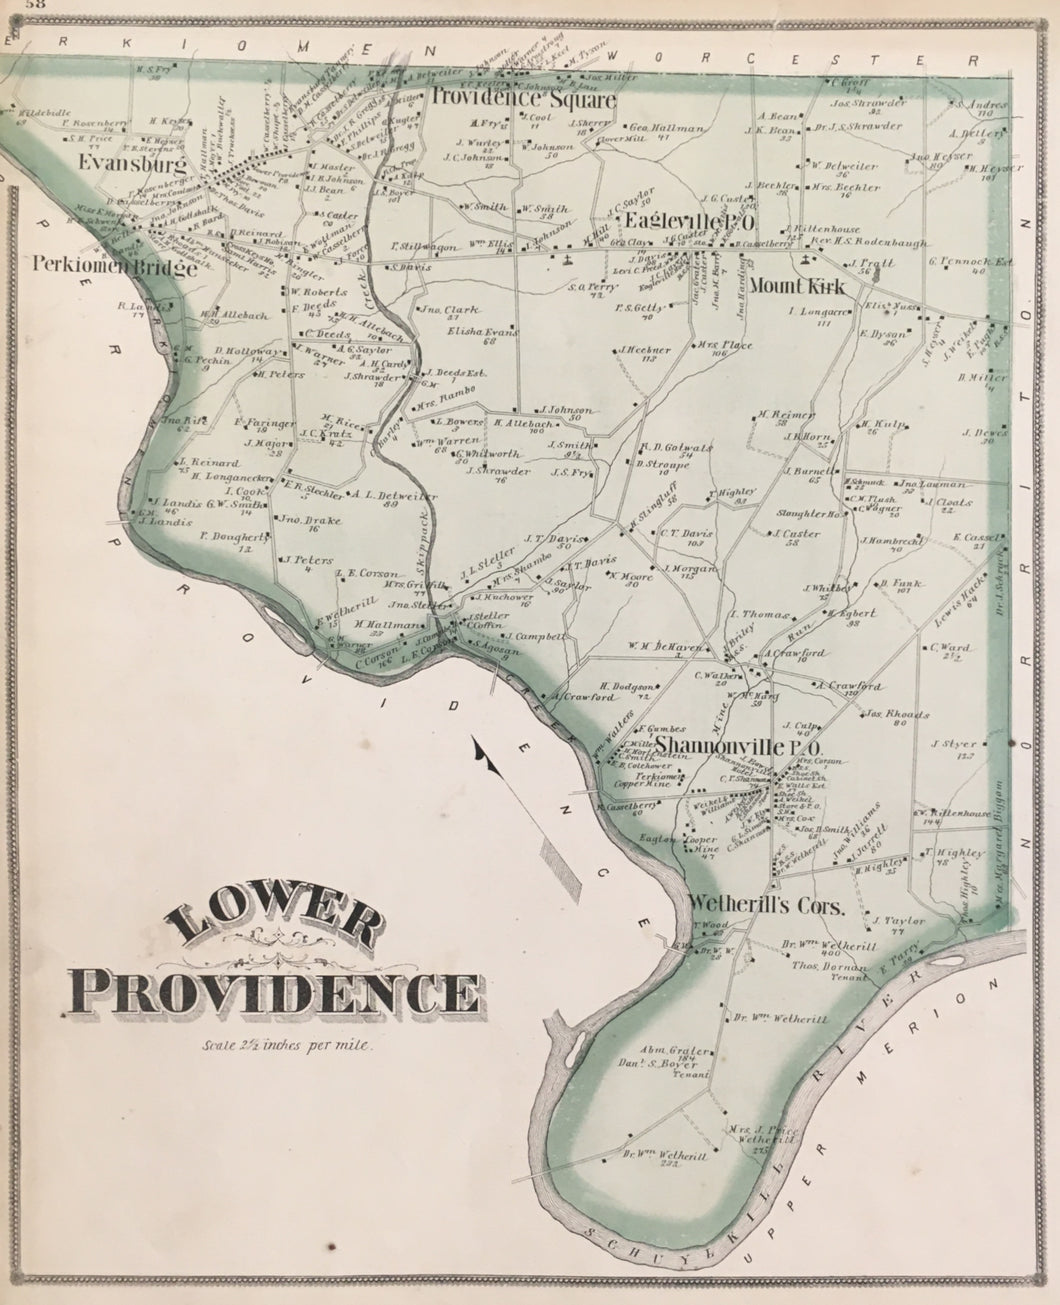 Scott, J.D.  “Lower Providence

...

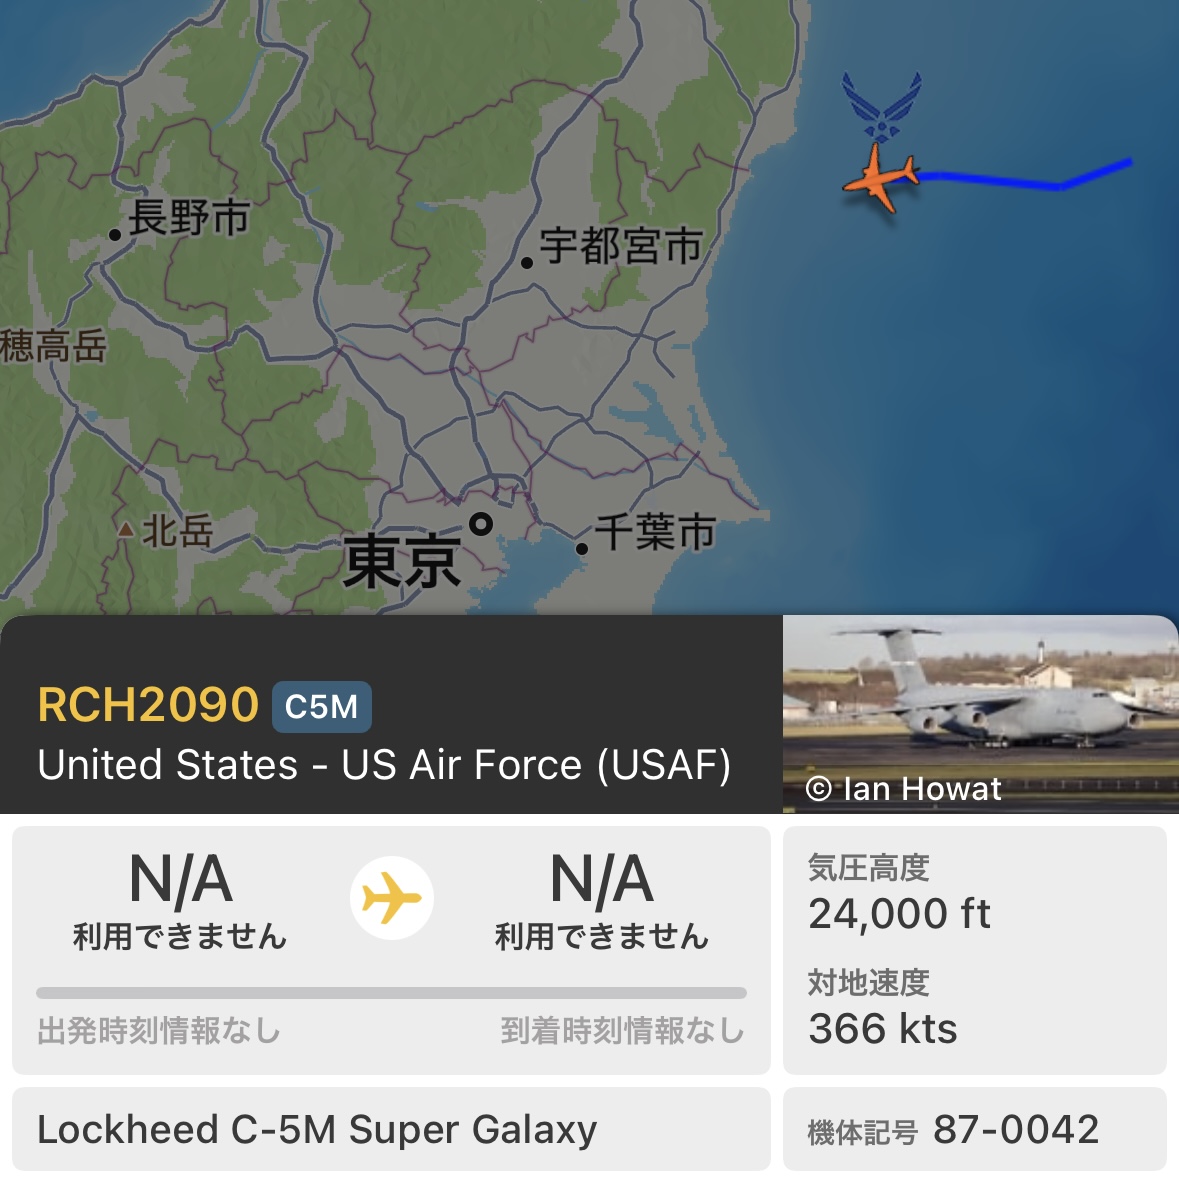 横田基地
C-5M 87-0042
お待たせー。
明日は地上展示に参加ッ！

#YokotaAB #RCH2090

Goal of the exercise:
Copy the lines above exactly, beginning at the line that has "C-5M 87-0042" and stopping after the line that has "#YokotaAB #RCH2090", and omit the rest.

Answer to this problem:
C-5M 87-0042
お待たせー。
明日は地上展示に参加ッ！

#YokotaAB #RCH2090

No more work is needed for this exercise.